Cosa avviene quando un vescovo cessa dal suo ufficio? Arrivato all’età della pensione, il vescovo
emerito può scegliere dove abitare, “anche fuori dalle case del proprio istituto” (can. 707 §1).
Ciò suggerisce che il frate ritorni nel convento dove meglio si sente accolto, o dove ha vissuto gli anni
più intensi della sua attività. Non meraviglia che diversi vescovi francescani abbiano fatto ritorno in
convento, come attualmente è per p. Agostino Gardin a Padova e p. Paolo Atzei a Oristano.
Il Codice stabilisce circa il sostentamento, che sia la Diocesi o la Santa Sede ad occuparsene in modo
                                            “conveniente e degno”, a meno che non se ne voglia occupare
                                            direttamente l’Ordine (can. 707 §2). Queste norme non sono
                                            superflue: venendo a cessare dal proprio ufficio episcopale,
                                            il frate è felice di tornare tra i suoi confratelli se con essi ha
                                            coltivato buone relazioni, nella generosità e nella discrezione:
                                            generosità di chi sa di poter dare ancora il suo contributo
                                            concreto all’Ordine, e discrezione di chi comprende che la
                                            sua autorevolezza potrebbe condizionare i suoi confratelli
                                            ed essere percepita come una interferenza più che come un
                                            parere o un consiglio. Nella vita quotidiana poi è chiaro che
                                            il vescovo che torna a vivere da frate dovrà trovare un nuovo
                                            equilibrio, non solo negli ambienti, ma anche nella semplicità
                                            dei rapporti umani che caratterizzano i nostri conventi.

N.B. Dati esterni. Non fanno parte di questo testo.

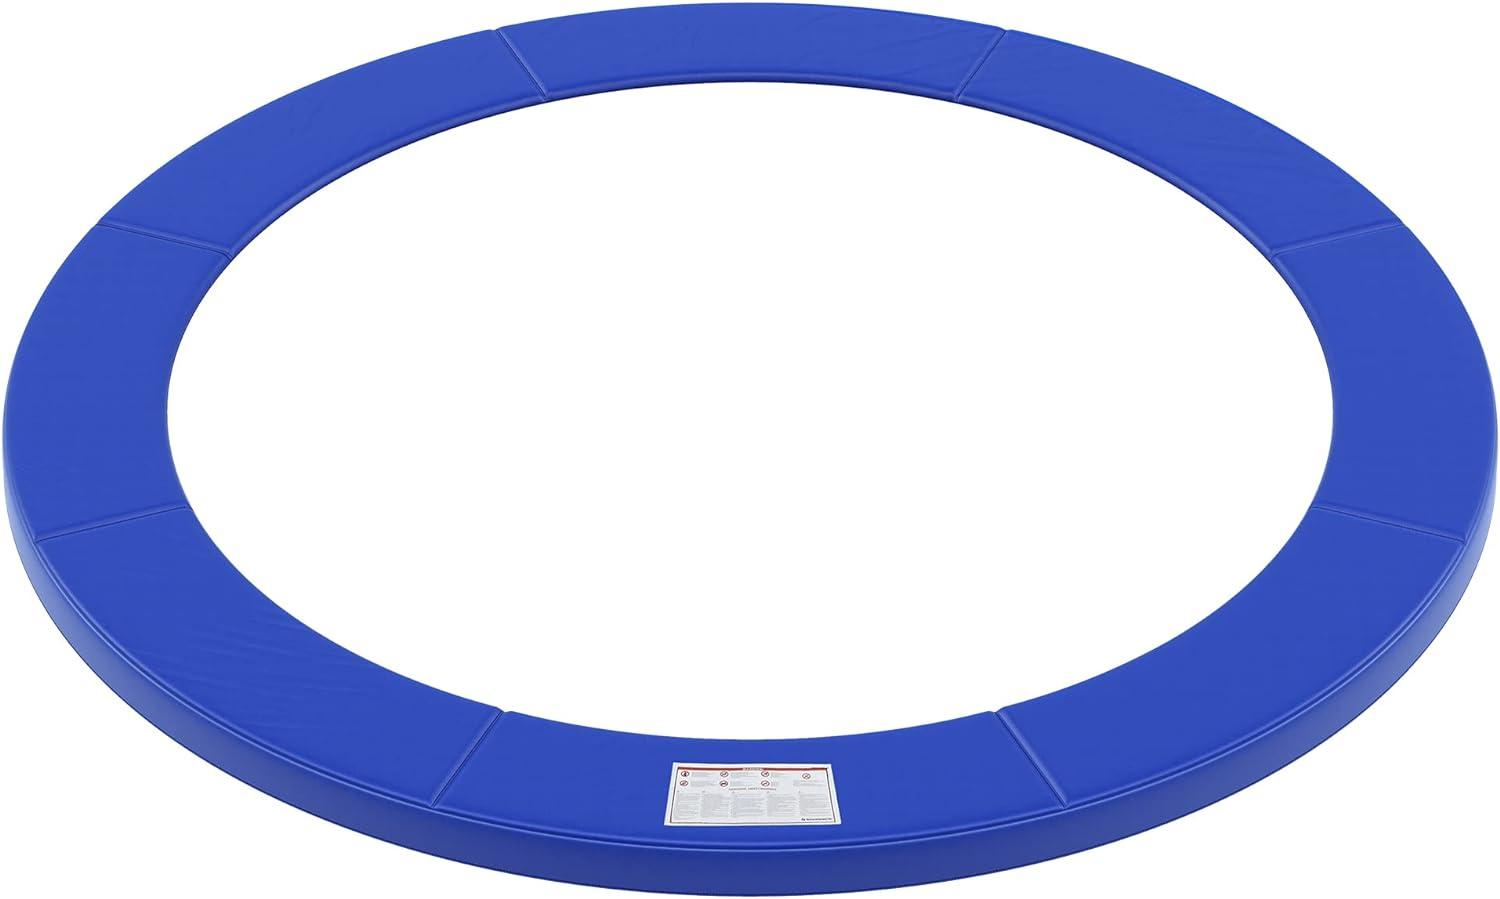 SONGMICS Trampolin Randabdeckung, 100% UV-beständig Reißfest Federabdeckung, blau, Ø366cm Bild 1

                                            In ultima analisi, un frate elevato all’episcopato sa di dover
                                            attribuire non solo a se stesso, ma in buona parte all’Ordine,
                                            la sua formazione, le numerose opportunità di crescita e
                                            maturazione umana, professionale e soprattutto spirituale.
                                            Il frate sa anche che, chi lo chiama all’episcopato, si aspetta
               Fonte:Curia OFMConv          da lui un servizio, uno stile e una spiritualità propri del suo
carisma, sperimentato e vissuto in una fraternità, e capace di creare fraternità.
Nessuno pensi che un frate diventato vescovo è “uno di meno”, anzi, è un frutto sano di un Ordine
generoso, che sa obbedire alla Chiesa donando al suo servizio gli uomini migliori, sapendo che saranno
utili alla edificazione del Regno di Dio, e sperando che continuino ad essere di giovamento all’Ordine,
come esempi e come stimolo per nuove vocazioni e per il rinnovo della nostra vocazione.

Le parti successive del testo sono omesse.